In simple terms, to calculate an average, you add all the frequencies together and divide by the number of dates in the series. Because this calculation is too simplistic, you also want to account for the decay factor. Decay means that you want the past to become decreasingly relevant, the more distant it gets. That is, each frequency that is calculated is weighted according to a decay constant. It is a matter of both adding all the frequencies together and equally contributing values in the average calculation. The decay factor is applied to each frequency first. Thus, if the decay value is 0.85 (the default setting for the increase indicator in the text miner application), the frequency of the nth–4th date contributes less (about half) to the calculation as the frequency for the nth date. Both the global and the keyword time series average frequencies are weighted this way.

With the weighted average frequency time series, you can accurately estimate the frequency count for a future date. That is assuming that the time series is constant and you factor in the variation within all searched documents using the weighted global average frequency. This estimate gives you the ability to collate the increase index, to the degree to which the frequency of this keyword has increased or will increase, for a particular date.

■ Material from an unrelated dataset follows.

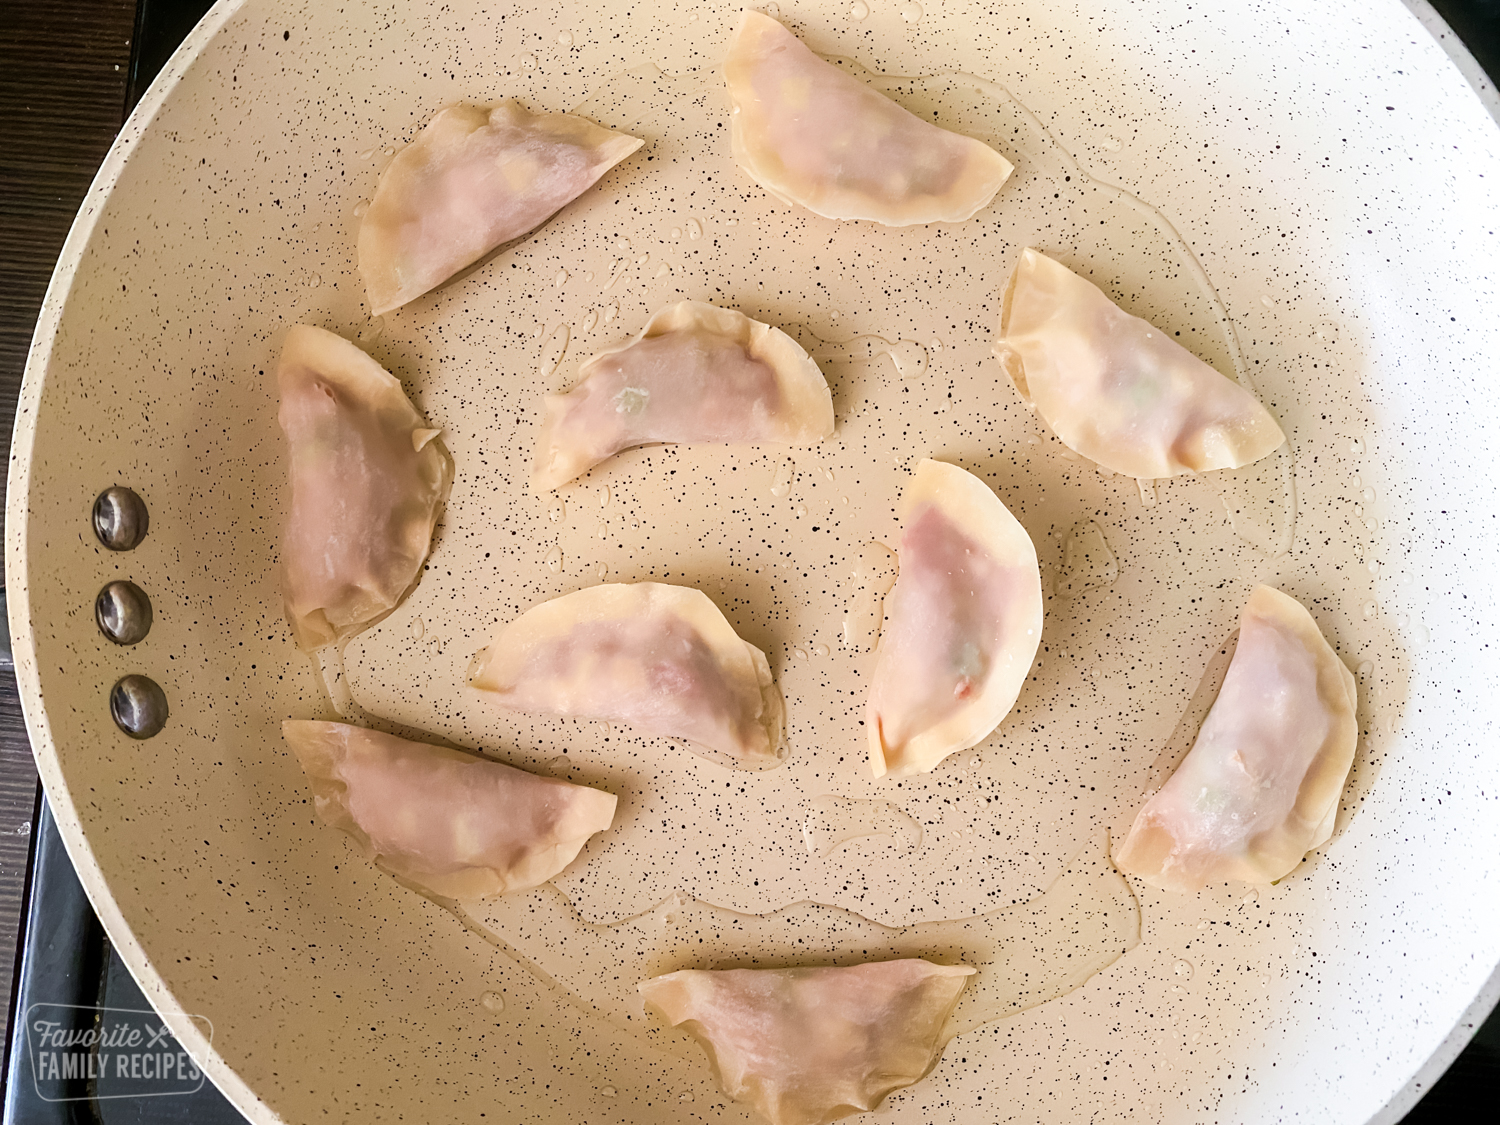 Ten uncooked potstickers being cooked in oil in a skillet

Given this description of how the expected frequency index is calculated, it is obvious why the first four time intervals of all your graphs show no change and are flat with no highlighted colors showing. The algorithm needs the first four intervals to start the calculation of the Poisson distribution.

6.5.4 When to use the Trends view

With the Trends view, you can detect sharp and unexpected increases in the frequency of a given keyword. Usually a sharp increase indicates that you need to do more investigation. If the increase indicator index is higher than the threshold, the bar chart is in color, so that it is easier for you to discover the anomaly.

6.6 Deviations view

The Deviations view shows the deviation of keywords for a given time period. The Deviations view is similar to the Trends view in that it requires the selection of a facet and shows the corresponding individual graphs for each keyword. The controls across the top function are the same as in the Trends view with one exception. Three additional selections are available from the time scale pull-down menu, namely the month of year, day of month, and day of week. These additional selections provide greater insight into cyclic changes in your data.

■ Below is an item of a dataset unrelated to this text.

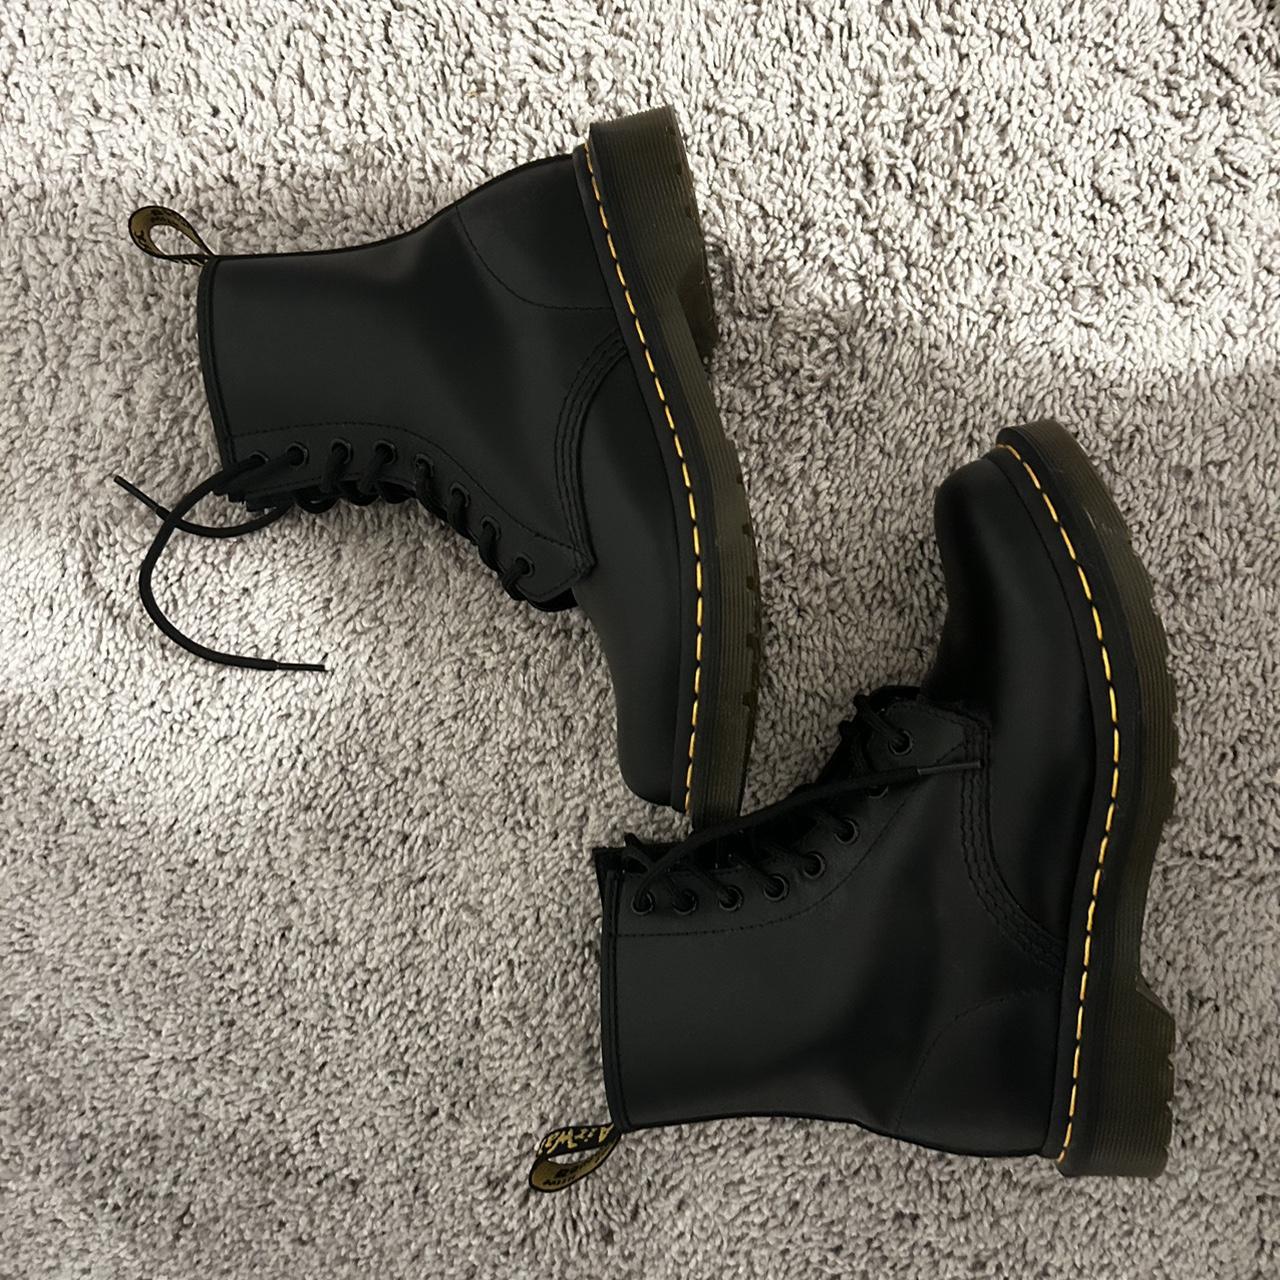 Perfect condition basically brand new. $100 or best - Depop

The greatest difference between the two views is what the graphs are trying to convey when certain bars are highlighted, indicating something of interest. In particular, the Trends view alerts you when a keyword is trending up or down by an unexpected amount, and the expected amount is calculated based on the past history of frequency changes. This view is more focused on the trending of frequency counts over time.

The Deviations view is focused on how much the frequency of a given keyword deviates from the expected average for the given time period (not previous periods). The expected average takes into account all the averages of the other frequency counts for the given time period. The Deviations view is useful for identifying patterns that occur cyclically and alerts you when those cyclic patterns have an unexpected change. You can use this view to show seasonal patterns in your data or patterns that occur on a monthly or weekly basis.

Figure 6-15 shows the Deviations view when you select the Product facet with Time scale set to Month, the Date facet set to the default of date, and Sort set to High frequency.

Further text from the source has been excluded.